Ich kann diese Stadt nicht ohne tiefe Bewegung betrachten; mein ganzes Leben hängt daran. In meiner Jugend bin ich hierher gekommen, habe mich Paris ergeben, ohne je meine Unternehmungen weiter als bis Bas-Meudon, Ville d'Avray und Fontainebleau auszudehnen. Paris hat mich zu dem gemacht, was ich bin. Wieviel meiner geistigen Ausbildung verdanke ich Paris? Und indem ich so ein idealeres Vaterland gewonnen habe als das, welches mir die Geburt in arroganter Weise vorgeschrieben, da ich es mir mit Vorbedacht gewählt, hab ich meine Lebensspanne verdoppelt. Existiere ich nicht in zwei Ländern? Hab ich mich nicht mit zwei Garnituren Gedanken und Empfindungen versehn? Ach, die köstliche Wonne, un pays ami zu besitzen –ein Land, in das man gehn kann, wenn man das stumpfe Einerlei des Lebens so satt hat, daß man wahnsinnig werden könnte, wo man mit Gewißheit alle Gefühle des häuslichen Herdes findet und obendrein unberechenbare Launen. Die Freude an einer Literatur, die einem gehört, ohne einem ganz zu eigen zu sein, die einer wundervollen Mätresse gleicht, an der man sich für alle Trivialitäten des Lebens entschädigt! Der Vergleich läßt nichts zu wünschen übrig; denn obschon ich diese Franzosen besser kenne als irgendwen auf der Welt, müssen sie stets mein Vergnügen im Leben bleiben, aber nicht meine Arbeit. Merkwürdig, daß dem so ist, denn wahrhaftig, ich kenne sie merkwürdig gut. Ich kann sie ihr Leben von Stunde zu Stunde ausfüllen sehn; weiß, was sie im gegebenen Falle sagen würden.

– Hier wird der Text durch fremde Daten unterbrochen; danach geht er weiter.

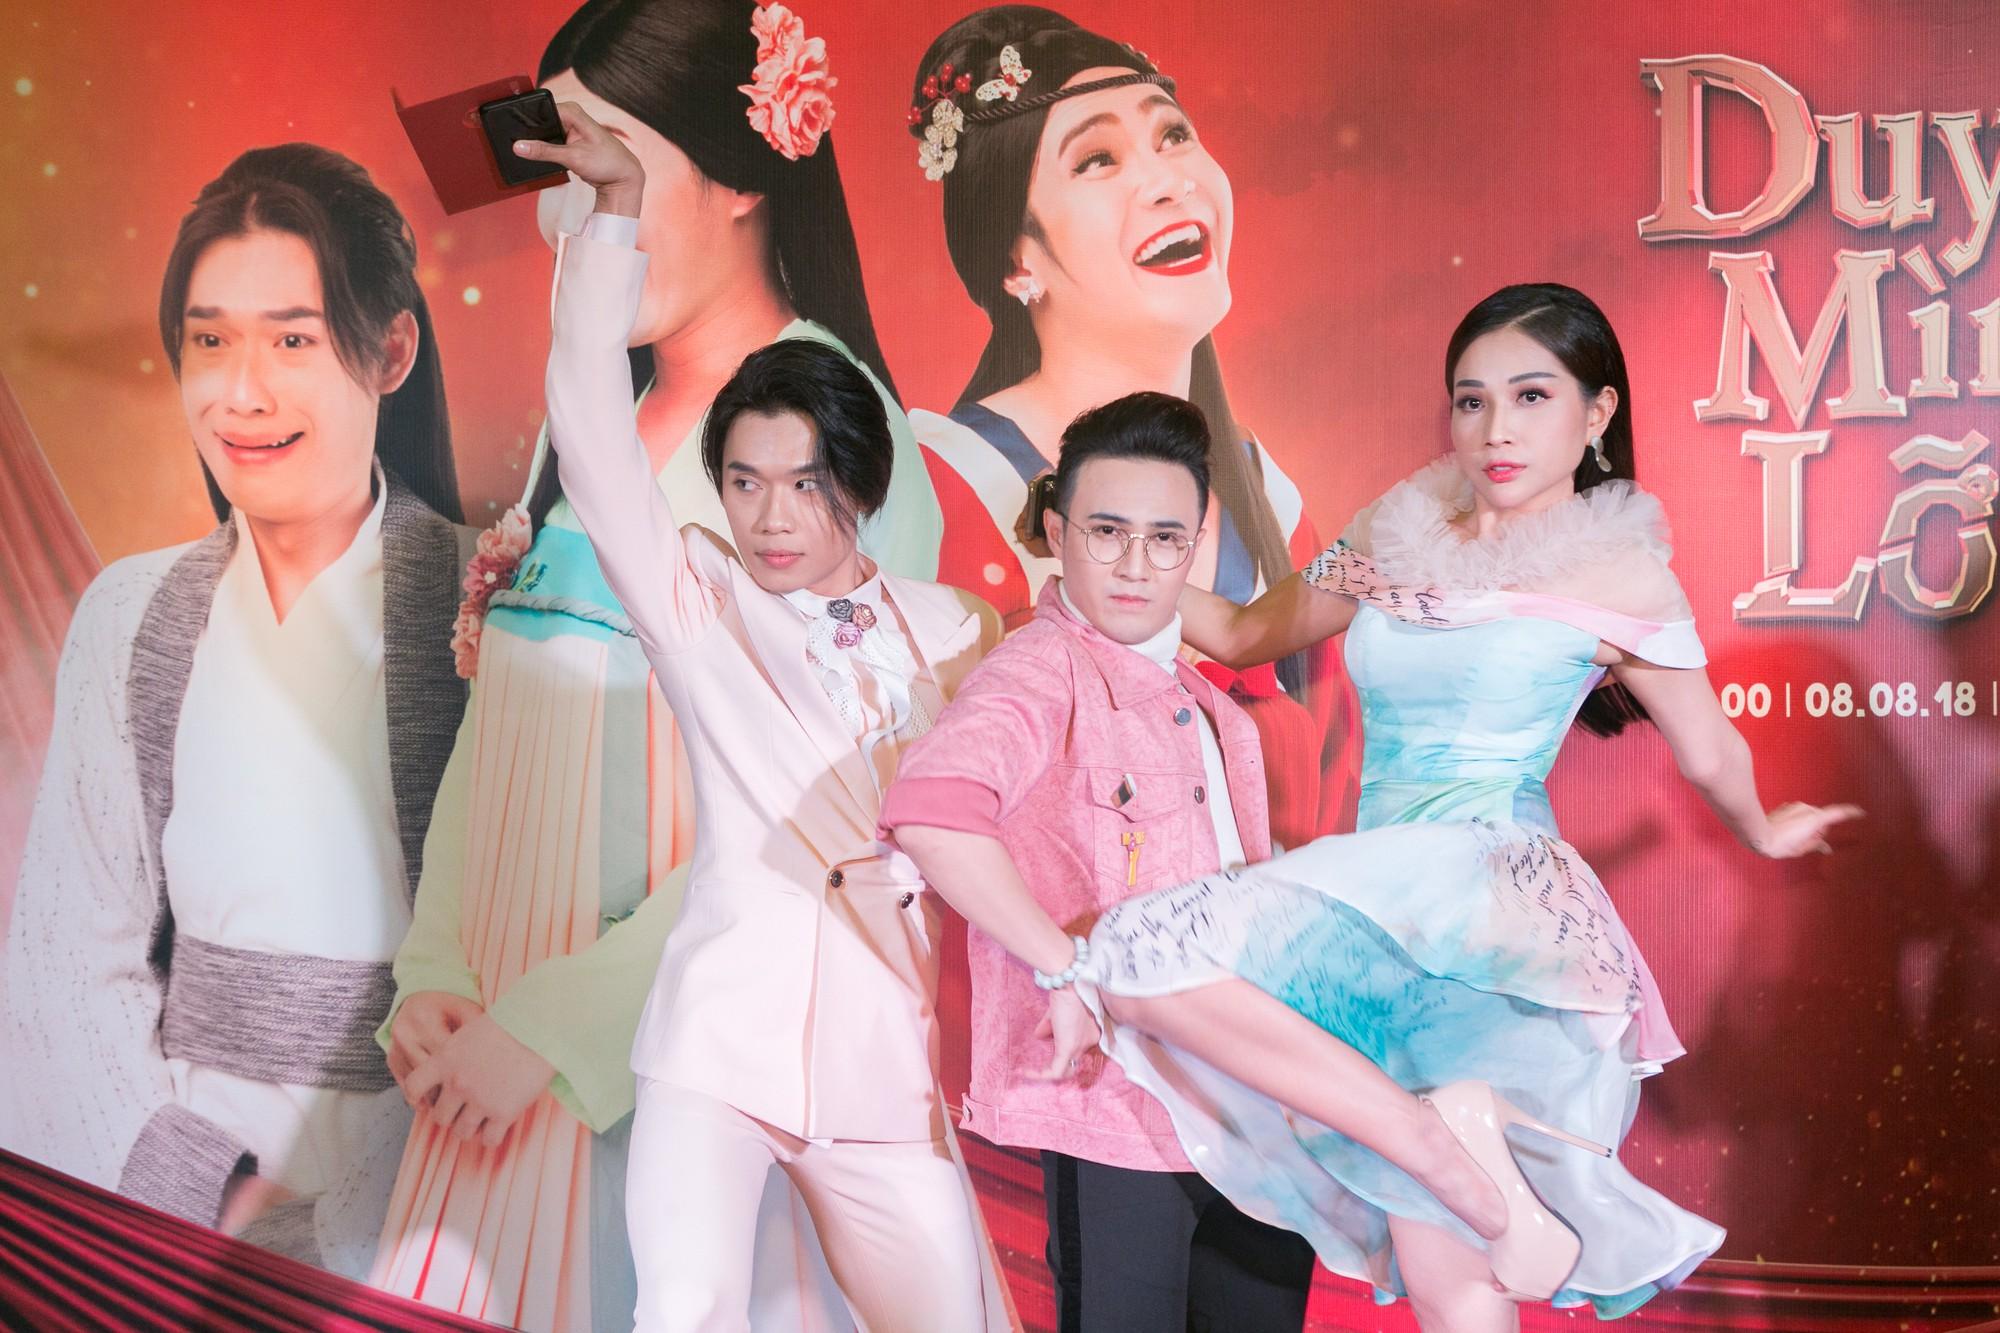 Sau ồn ào phát ngôn đẻ con gây tranh cãi, vợ chồng Lâm Khánh Chi tình tứ đi sự kiện - Ảnh 4.

Da ist zum Beispiel Paul. Ich verstehe nichts so vollkommen wie seine Denkart. Ich kenne ihre gewöhnliche Farbe, jeden einzelnen Ton, und doch kann ich Paul nicht zum Helden eines Romans machen, der auf dem Montmartre spielt, so gut ich diesen auch kenne. Ich weiß, wann Paul sich ankleidet, wie lang er dazu braucht, was er anzieht. Ich weiß, was er zum Frühstück ißt und durch welche Straßen er geht – ihre Länge, ihre Farbe, ihr Geruch sind mir bekannt. Ich weiß genau, wie ihm das Leben aufgegangen ist, wie es auf ihn gewirkt hat. Ich erinnere mich noch an den Tag, als ich ihm in London vorgestellt wurde. Paul in London! Er wollte dort mit einer petite fermiére zusammenkommen, in die er sich vernarrt hatte, als er in der Normandie war, um einen Roman zu vollenden. Paul ist fonciérement bon; er hat sie geheiratet, und hier wohnen sie jetzt. Sie haben ein Speisezimmer mit einem schönen eichenen Büfett und sechs dazu passenden Stühlen. Links liegt das Schlafzimmer, darin steht die Wiege für ihr Kind, die ihnen le grand, le cher et illustre maître zum Geschenk gemacht hat. Paul und Madame Paul stehn um zwölf Uhr auf, dann vertrödeln sie beim Frühstück Zeit; Freunde sprechen vor, und man vertrödelt bei den petits verres Zeit. Gegen vier Uhr fängt Paul an, seinen Artikel zu schreiben, den er bis zum Diner fertig oder fast fertig bekommt. Sie vertrödeln beim Diner Zeit, bis Paul seinen Artikel in die Redaktion bringen muß. Er vertrödelt in der Druckerei oder im Café Zeit, bis die Fahnen gesetzt sind, und wenn er sie korrigiert hat, vertrödelt er in den vielen Cafés des Faubourg Montmartre Zeit, raucht ungezählte Zigarren und tritt seinen Heimweg nach der Butte erst zwischen drei und vier Uhr morgens an. Paul ist dick und von gleichmäßigem Temperament. Er schwört den lieben langen Tag auf den Naturalismus, besonders nach dem Frühstück bei den petits verres. Er hat keinem Menschen je ein unfreundliches Wort gesagt, gewiß nie einen unfreundlichen Gedanken gehabt. Er hat sich früher viel mit Grisetten abgegeben, aber seit er verheiratet ist, hat er für nichts andres mehr Sinn als für seine Frau. Il écrit des choses raides, aber keine Frau hat je einen besseren Mann gehabt. So, jetzt kennt man ihn ebensogut wie ich.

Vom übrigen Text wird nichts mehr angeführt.